I'm thinking this morning of how little of God's creation we ever see or understand, of how each of us is such a tiny yet giant part of the vast universe, of how our own life experiences, unlike those of anyone else, give each of us wisdom and knowledge and skill that make us valuable to the whole, to each other, all intricately woven into nature's tapestry.

Like Pastor Lara's recent sermon illustration about the giant sequoias in Yosemite Park. Some are almost as big around as the church sanctuary, she said, and reach high into the sky. Yet the roots are not deep. Their strength instead comes from their roots intertwining with the roots of the others, so that the whole forest works together, giving strength and protection to all.

We need each other's differences, each other's wisdom, knowledge, skills, and perspective, to make us all One as God's creation, to make us whole. I will share myself, but in humility, acknowledging that my understanding on its own is flawed in its incompleteness.

Look back at the top photo. Nothing but road? Here's a closer view, still not easy to see, as nature has so designed. A baby kingsnake, about 10 inches long if stetched out straight. Often food for hawks and other large birds, but those that live to adulthood  will eat other snakes including venomous rattlesnakes. Kingsnakes, just because they are snakes, are often feared and harmed, but they are helpful, not harmful, to humans. What/Whom else do we fear to our own detriment?



Consider the acorn. Hundreds beneath one tree, they feed the squirrels. And inside each acorn is a mighty oak tree. Not every acorn will become an oak, but every oak tree was once an acorn, an acorn that went through numerous struggles and changes, dying, burying underground, reaching for the sunlight, sprouting, enduring even the most threatening of storms . . . Who are the mighty trees around you? Are you listening to them? There is often great wisdom in those who have known great struggle.




Many morning glories greet me on my walk, mostly bluish violet, with a few white like this one.  Not planted by any human, they open up every morning to greet those passing by. Then they close back up until the next break of dawn. Those who walk during the afternoons probably miss them, as I miss what only they might see.

With all the recent rain, I encounter various shapes and sizes of mushrooms. It was an accident, but this photo is an optical illusion.
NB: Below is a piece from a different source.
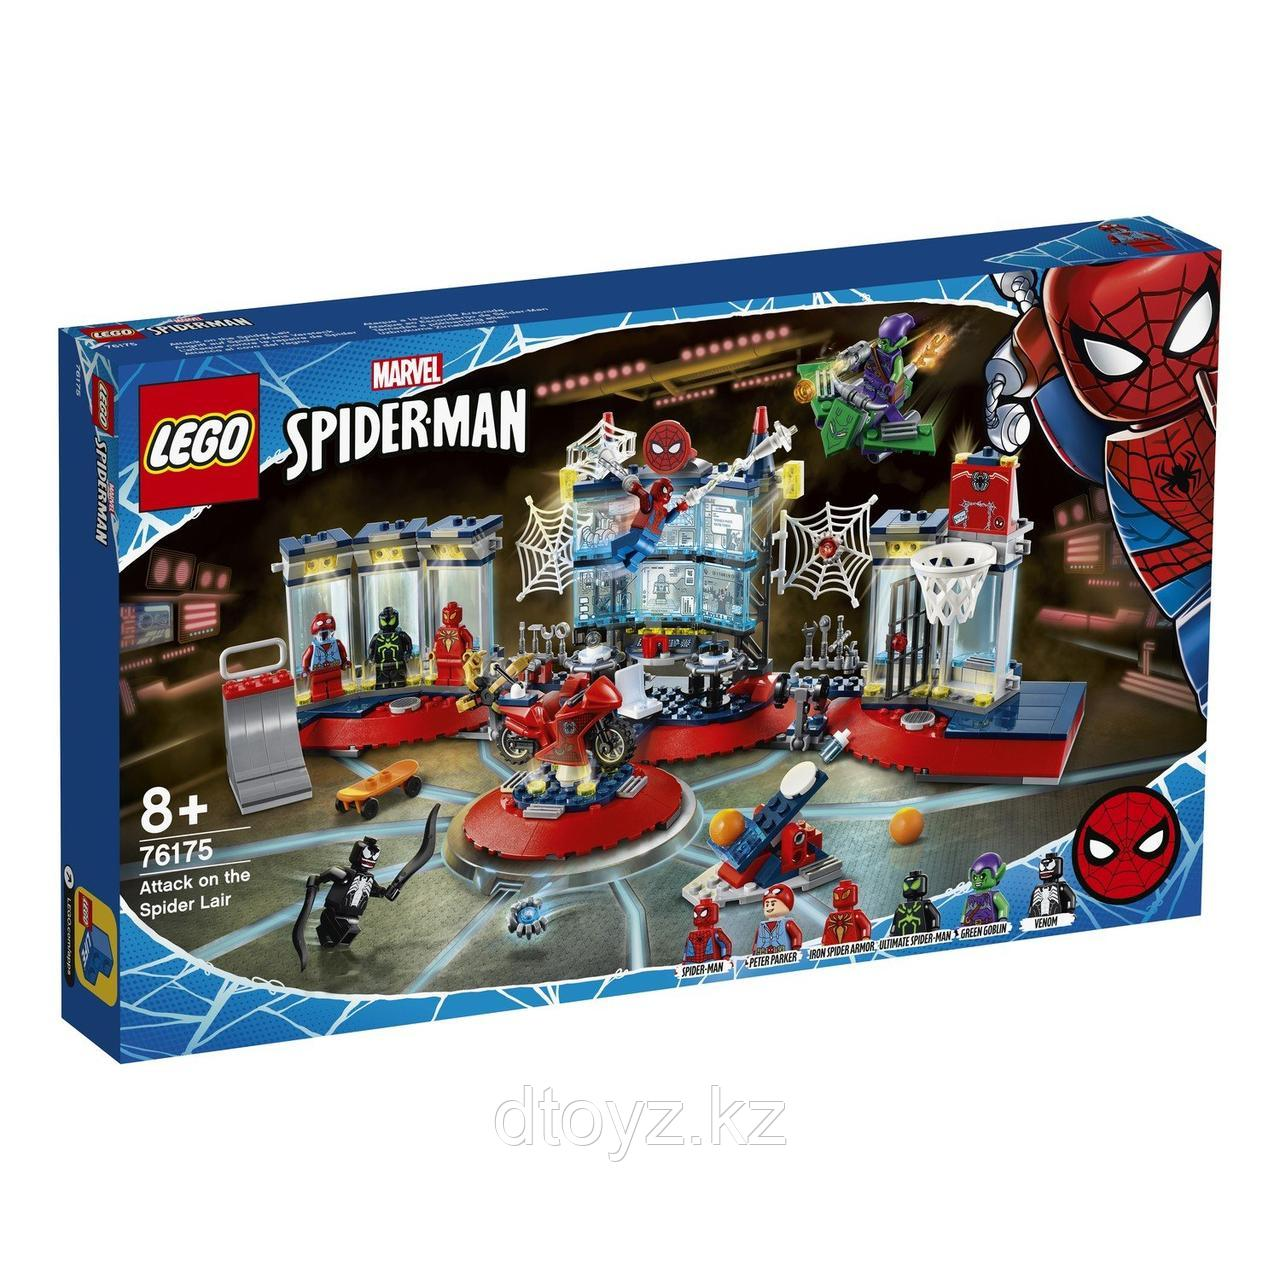 LEGO Marvel Super Heroes Нападение на мастерскую паука 76175
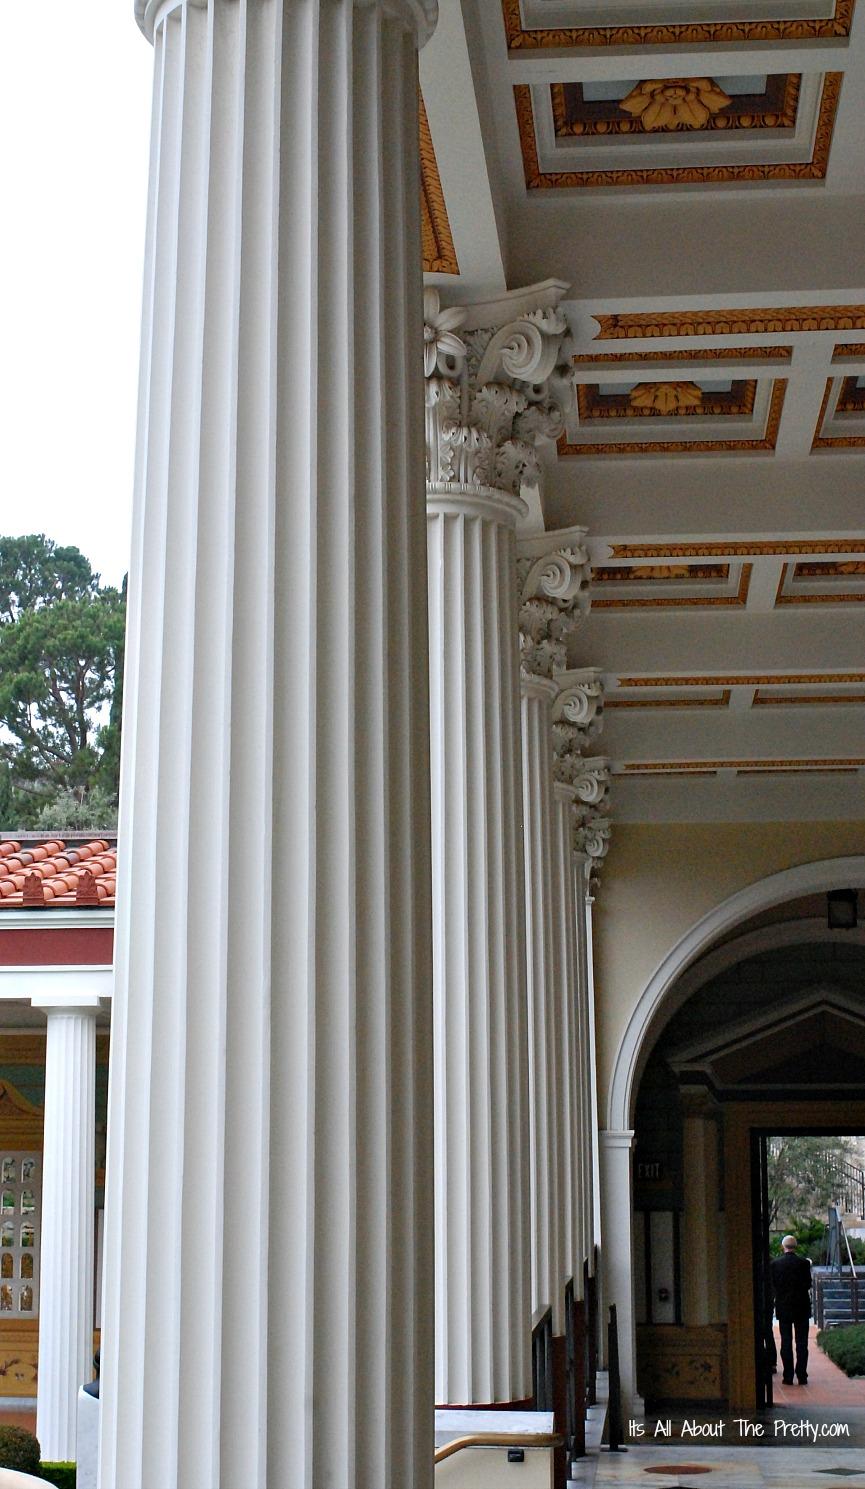 Getty Villa columns in a row

You might see the mushroom shaped as an open flower facing slightly right of the the direction of the above flower, or you might see it toadstool-shaped. It's possible to see it both ways; and while we focus on the mushroom, what might we be missing in the surrounding clover?

Alone, we will never see everything, and even what we do see is incomplete without the views and experiences of those who see things from other perspectives. In God's vast universe, a first sign of wisdom must be the acknowledgement that "I see and understand so very little," and a second, that "we all need each other."